Знакомые отсоветовали. Они говорили, что главное при его болезни — полный покой.
Через некоторое время Максим Фадеевич вернулся к себе в Голосеево. Мы встречались три раза, и мне казалось, что с недугом покончено: он только заметно исхудал, но снова работал, много читал, был бодр и жизнерадостен.
Потом мне сказали, что врачи запретили ему принимать кого бы то ни было, даже людей самых близких.
Я сидел в гостиной за большим столом и шепотом разговаривал с Богданом.

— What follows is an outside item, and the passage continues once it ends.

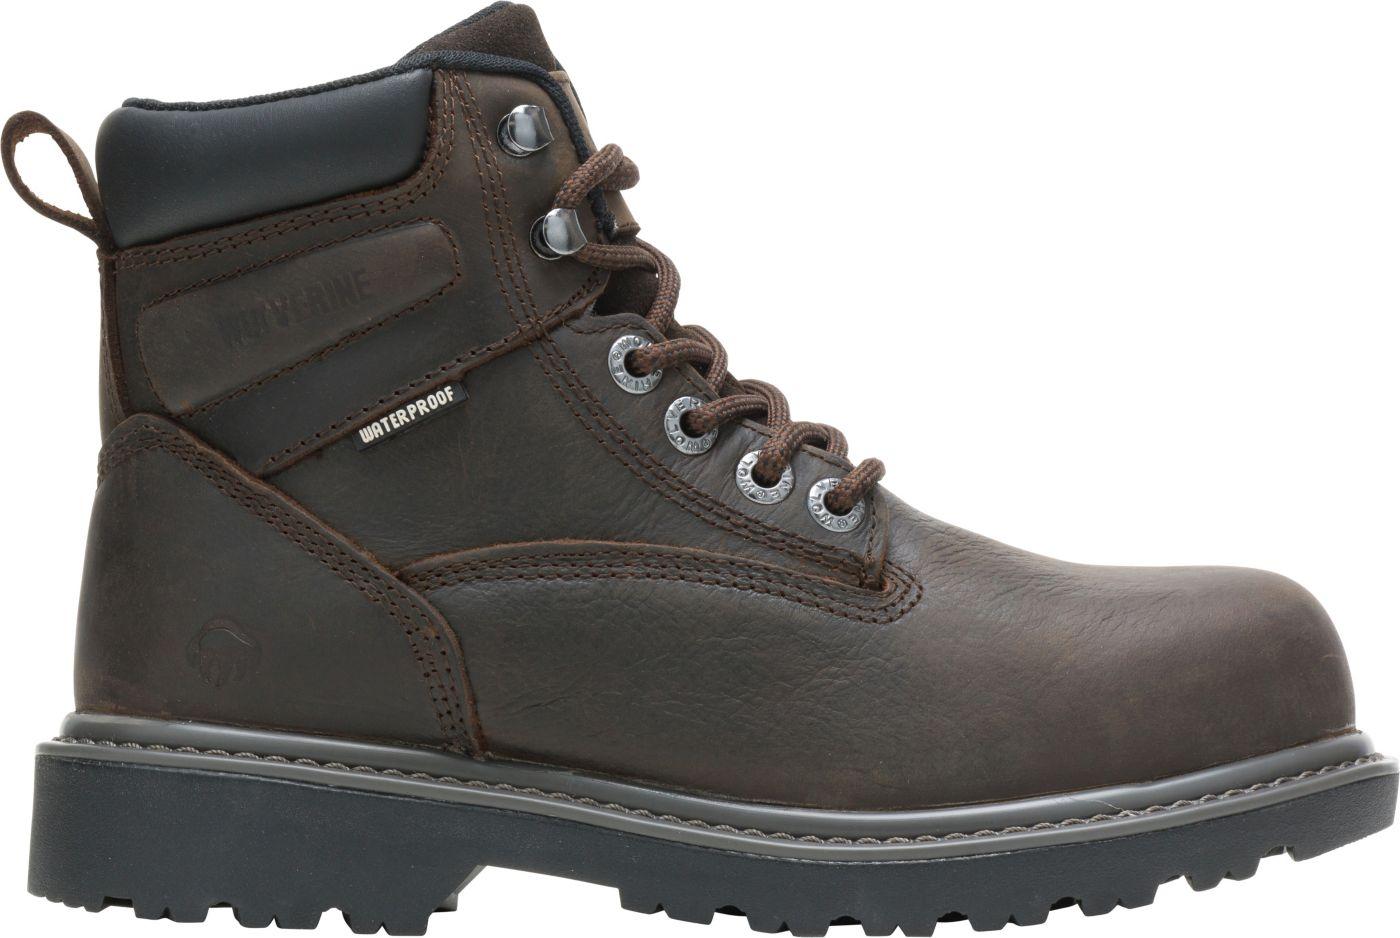 Wolverine Women's Floorhand 6'' Waterproof Steel Toe Work Boots
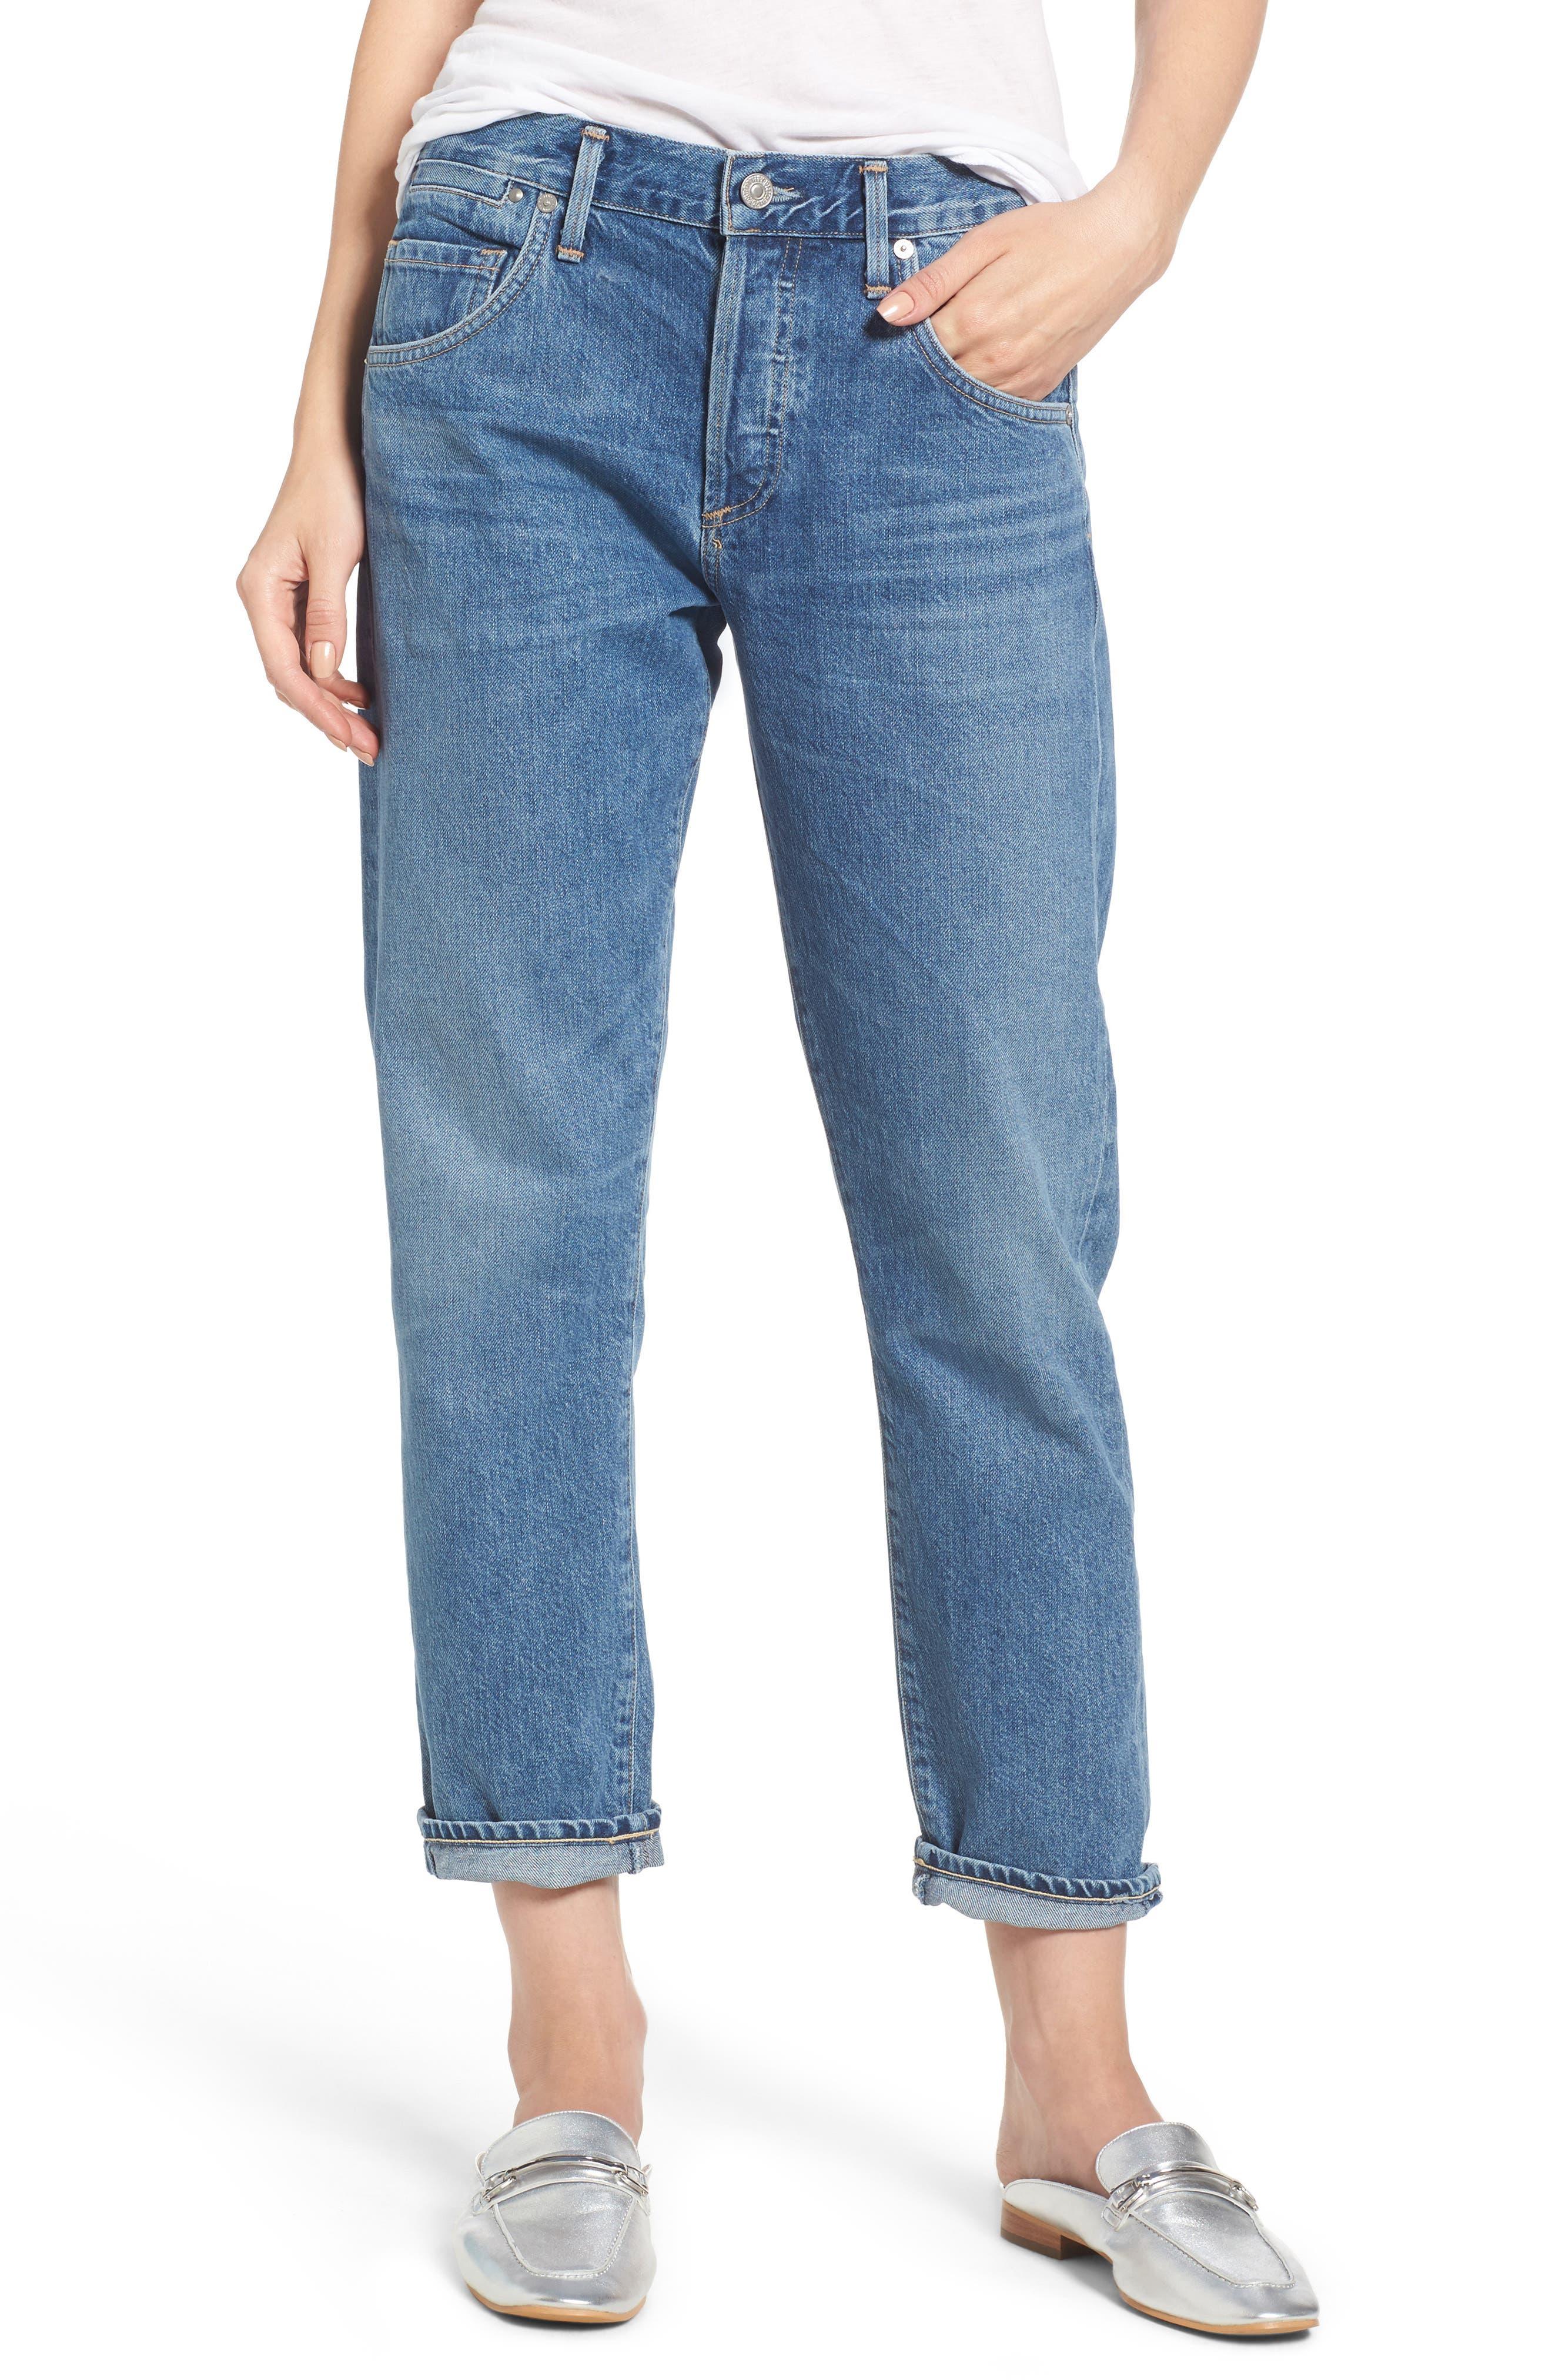 Citizens of Humanity Emerson Slim Boyfriend Jeans (Dream On)

Вдруг дверь открылась: в гостиную вошел Рыльский. Он виновато улыбнулся:
— Что за комиссия, батеньки мои, болеть… — У него была расслабленная походка. — Ну, здравствуйте, рад… Да что же вы стойте? Садитесь, потолкуем о жизни, о делах… — Некоторое время мы молчали. Потом он сказал: — Наверное, самые терпеливые люди — это доктора. Единственно, кто терпеливее их, — это больные. Я не привык, чтобы меня окружали заботой и лаской, как ребенка. Впрочем, терплю. Помните, я говорил вам о книге, о моем «Былое и думы»? Я ради этой книги терплю. Есть русское слово «авось». Даже один наш военный корабль этим словом назывался. Авось косая отступит… Авось!
И снова он виновато улыбнулся, словно хотел сказать, что понимает свое состояние и не строит радужных планов, но только махнул рукой.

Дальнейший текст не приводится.